People say that if you have the type of rats that enjoy chewing up liners to burrow under them that you should try liners that they can get under - the ones that just sort of sit on top of the pans. Alternatively, another thing that may work similarly is placing a loose towel/fleece blanket ON TOP of your existing liners that they can tunnel in.


----------



## Nijidoragon (Sep 7, 2014)

PawsandClaws said:


> People say that if you have the type of rats that enjoy chewing up liners to burrow under them that you should try liners that they can get under - the ones that just sort of sit on top of the pans. Alternatively, another thing that may work similarly is placing a loose towel/fleece blanket ON TOP of your existing liners that they can tunnel in.
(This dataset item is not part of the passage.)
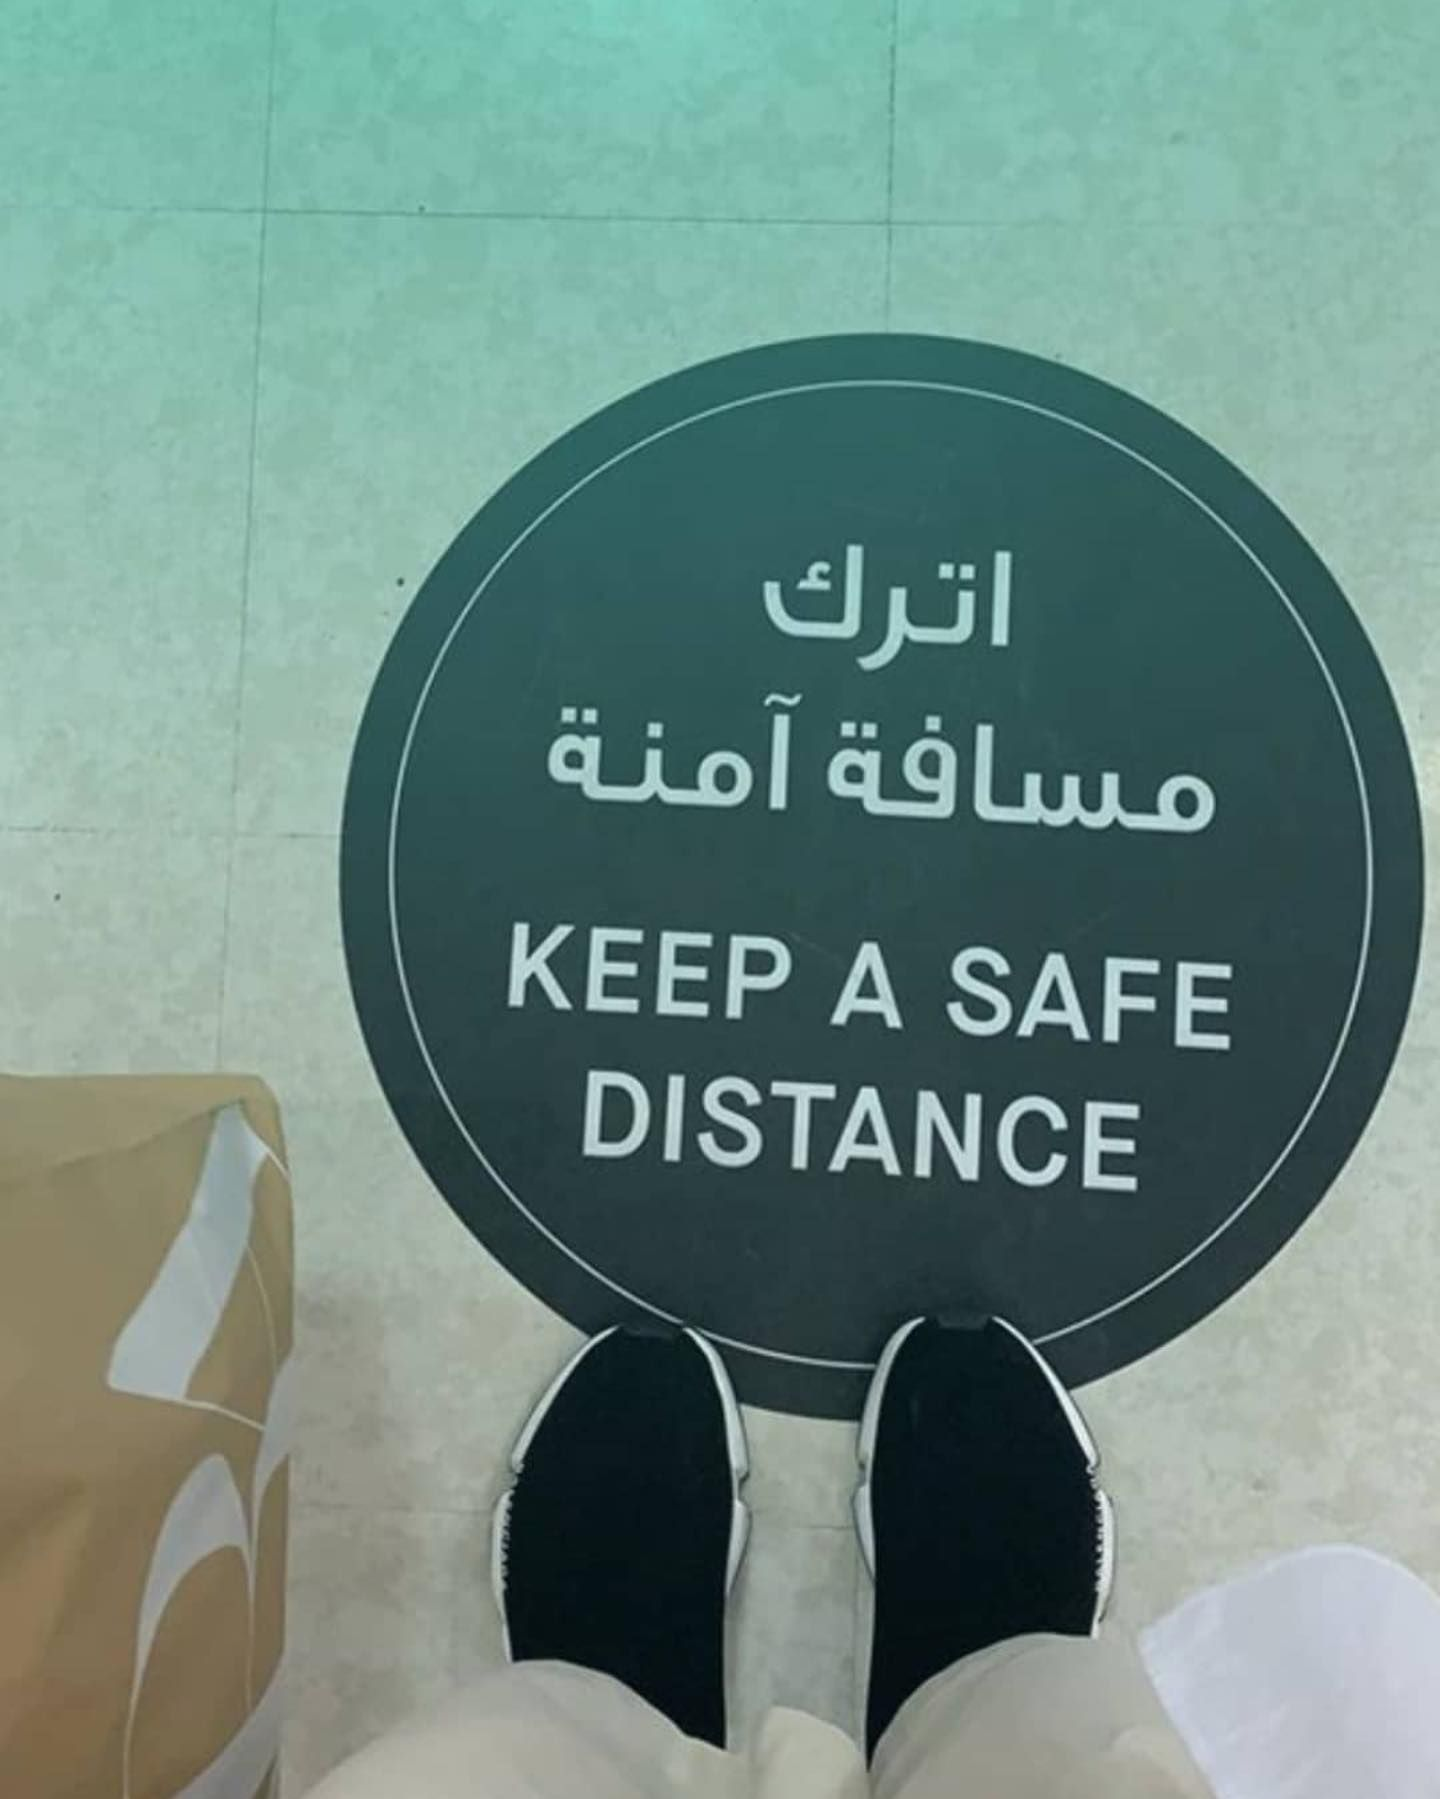 وقفت أتمعن في عبارة كتبت على الأرض اترك مسافة آمنة ليس فقط في جائحة کورونا بل في نواحي مختلفة مطلوب جدا ترك مسافة آمنة اخبار صحافة دولية رياضة Bahrain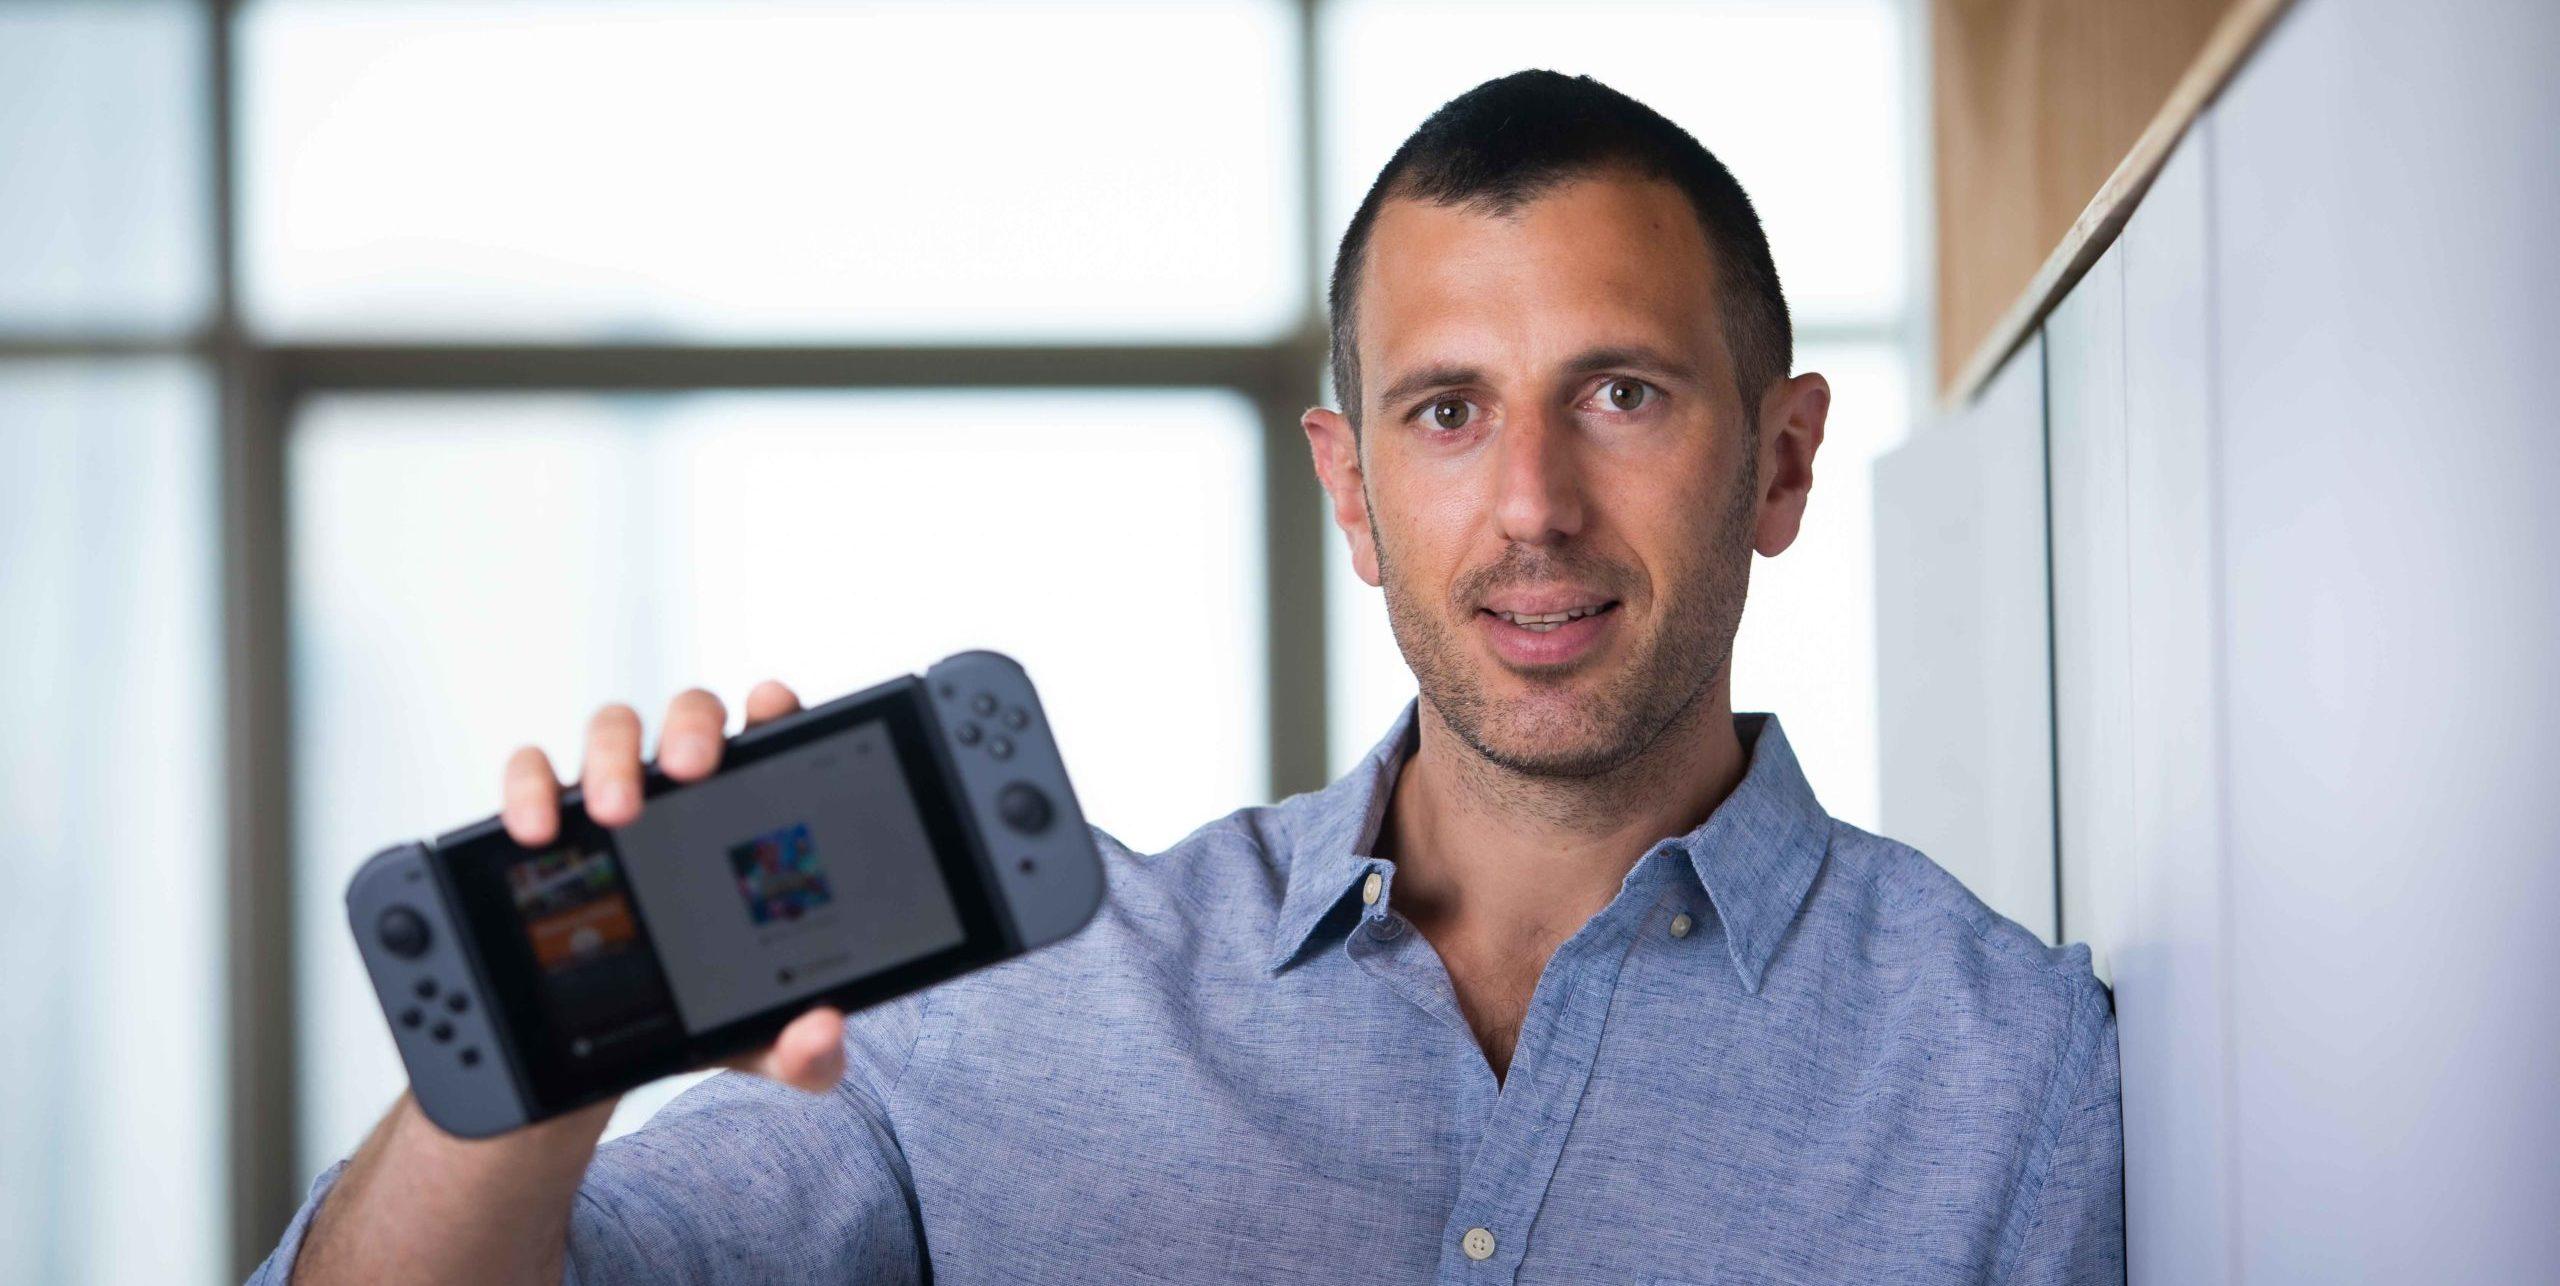 Израильский венчурный фонд VGames инвестирует $40 млн в геймдев. Комментарий Eitan Reisel, основателя VGames

When it just sits on top they pull the sides back and then pee there, I dont want them to get bumble foot. I might try the towel.


----------



## PawsandClaws (Jul 22, 2014)

The idea is if there are other places to burrow under, they leave the liners alone so it is definitely worth a try.


----------



## Nijidoragon (Sep 7, 2014)

I'll also put some fleece in a basket too


----------



## Rattienewby (Aug 31, 2014)

I just started leaving a corner untucked and not secured. They go under and make a mess,but it sure beats replacing liners all the time. I just have to remember to spot clean under the fleece now as well as on top to cut down on smell


----------



## Nijidoragon (Sep 7, 2014)

What do you use to spot clean? My mom has complained about the smell . I don't even notice it lol. Rabbits and ferrets smell worse I think people are biased towards rats


----------



## Cyrix (May 2, 2014)

You can spot clean with baby wipes or moist toilet paper. We stopped using fleece in our cage because our rats don't like it and it's more expensive than just wiping the shelves.


----------



## Kitterpuss (May 9, 2014)

Rats have a natural instinct to burrow and dig and fleece doesn't allow them to properly do that. I myself use fleece and I also have a large deep digging box full of crinkly paper, tissues substrate and other textures for them to burrow into. Scattering a bit of food in there for them to hunt is their favourite activity by far - they absolutely love it!


----------



## Zabora (Jun 8, 2014)

Kitterpuss said:


> Rats have a natural instinct to burrow and dig and fleece doesn't allow them to properly do that. I myself use fleece and I also have a large deep digging box full of crinkly paper, tissues substrate and other textures for them to burrow into. Scattering a bit of food in there for them to hunt is their favourite activity by far - they absolutely love it!


 Im going to try this


----------



## Nijidoragon (Sep 7, 2014)

Cyrix said:


> You can spot clean with baby wipes or moist toilet paper. We stopped using fleece in our cage because our rats don't like it and it's more expensive than just wiping the shelves.


So you just don't put anything on the platform/trays ? I thought you weren't supposed to do that cause if they walk in their own pee they'd get bumble foot?


----------



## Nijidoragon (Sep 7, 2014)

Zabora said:


> Im going to try this


Me too


----------